- In a complaint to the U.S. Department of Education and the Pennsylvania Human Relations Commission, a group called Concerned African American Parents (CAAP) alleges that black students comprised 7.3 percent of Upper Dublin’s 4,232 students last year but received 45 percent of the suspensions.
- Filed for the parents by the Public Interest Law Center, the complaint also says that not one black student was in the gifted program in the district’s four elementary schools and middle school.

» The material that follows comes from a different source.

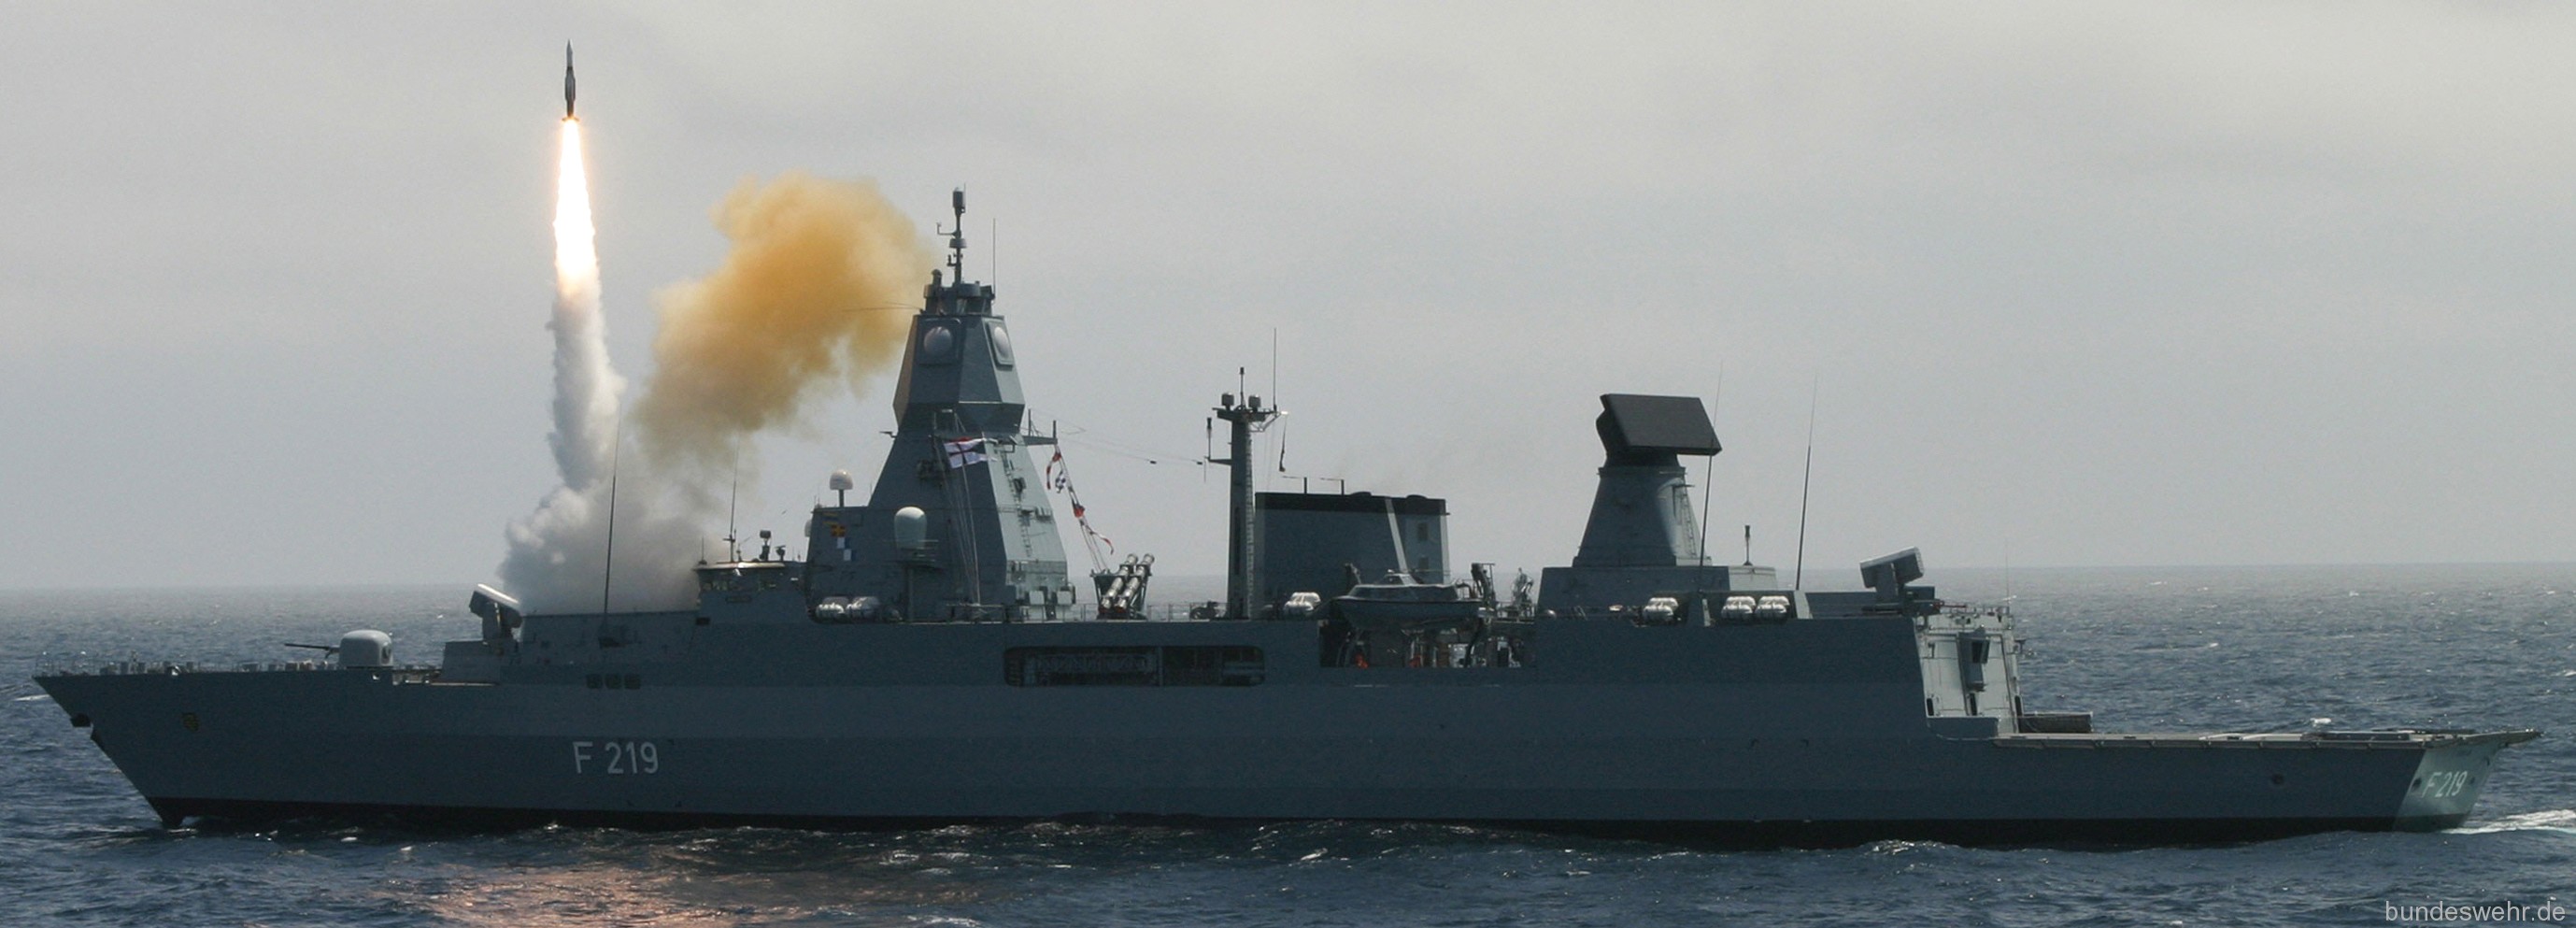 f-219 fgs sachsen type 124 class guided missile frigate ffg german navy 07

- Lawson said the group wants the district to eliminate the lowest of its three tracks, which has a disproportionate number of students of color and where “unfortunately, not a lot of learning goes on.” Without that bottom track, students would be integrated into higher-level courses, Lawson said.
Questioning the Facts?
7% receive 45% of suspensions. Isn’t the better question whether the 45% that were suspended deserved of the suspensions? Are they saying that white students are not getting suspended for the same acts? If you have evidence of this, you can make this kind of point. If you don’t, you have nothing. You can’t just throw out some percentage and claim there is a problem. If students act poorly, they get suspended with an unbiased opinion towards race. THAT’S THE WAY IT’S SUPPOSED TO BE.

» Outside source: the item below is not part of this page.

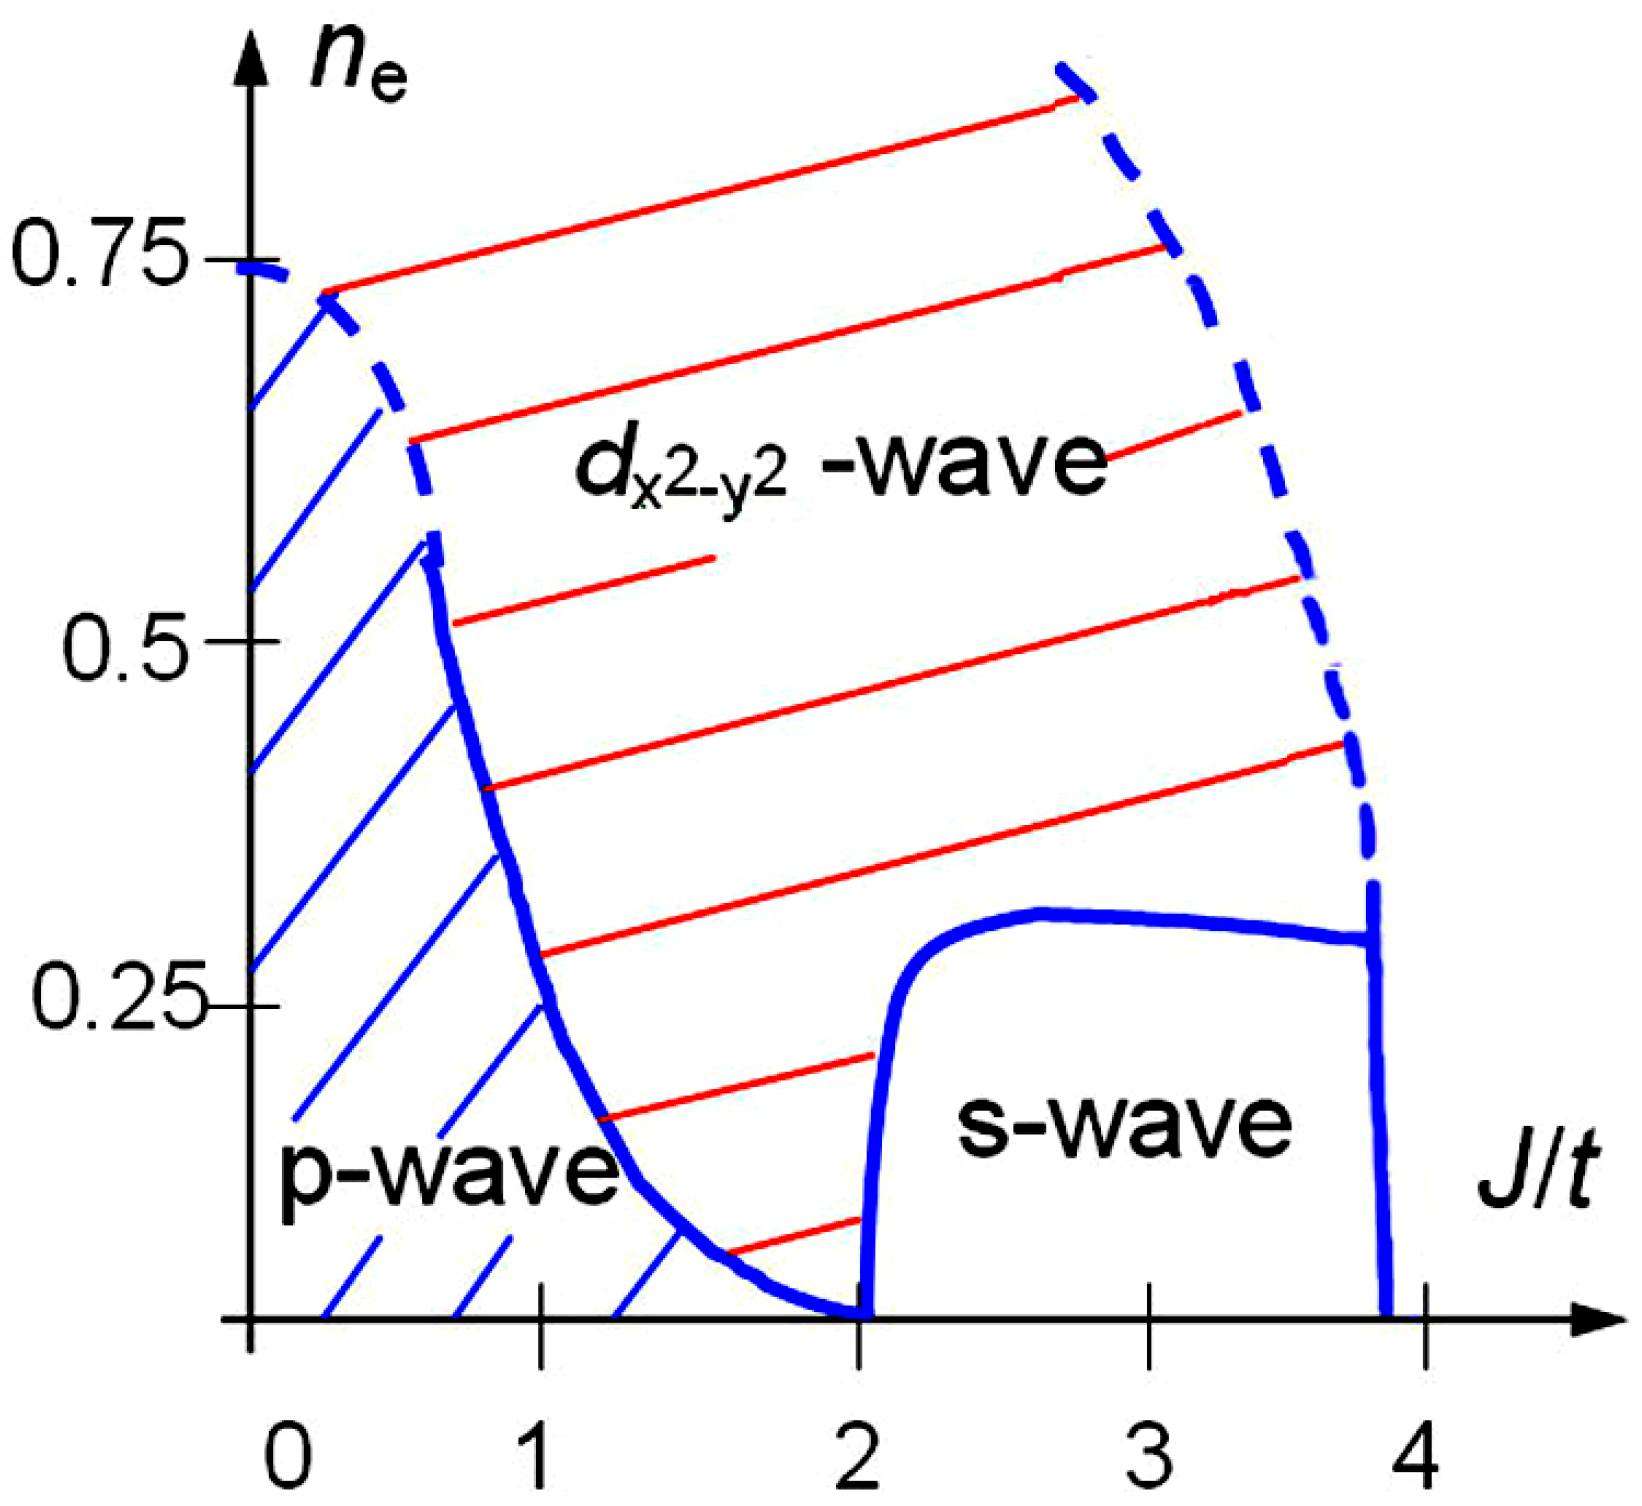 BCS thermal vacuum of fermionic superfluids and its perturbation theory

There are no gifted black students in elementary school? If you have a child that you think is gifted, and they test into the gifted program, are you saying that Upper Dublin is specifically not allowing these types of students if they are black? That would be discrimination. I have a hard time believe that’s what is happening. Once again, produce the results.
Eliminate track 3? I don’t care if you call it track 2.1, there is a reason why a student is placed in a certain level. This isn’t a perfect world. Not every child is of equal intelligence. Students learn at different rates. I’m sure studies have been done that backs up the learning process of learning with like minded peers. The problem isn’t with classes being called track 3.
Arguments can be made that the teachers are not fully equipped to handle track 3 students. That’s an actual argument. An argument saying that track 3 students should be lumped in with track 2 students is a good way of saying that our children would be better suited for track 2. Let’s experiment then. Move all the curriculum in track 3 classes to track 2. You think putting track 3 students with track 2 students is magically going to turn them into better students? More than likely they’ll feel even further behind and act even worse!
This thinking just riles me up because although it is done with good intention, it isn’t focusing on the proper ways of getting results. I get that parents have talked to teachers and board members and nothing is happening in improving the behavior of their children. Maybe the only way to get their attention is by suing. It doesn’t feel right though to point out discrimination when it’s most likely a deeper problem. Like, hmmm, maybe you could spend more time raising your child appropriately? Oh shit, let the fireworks begin.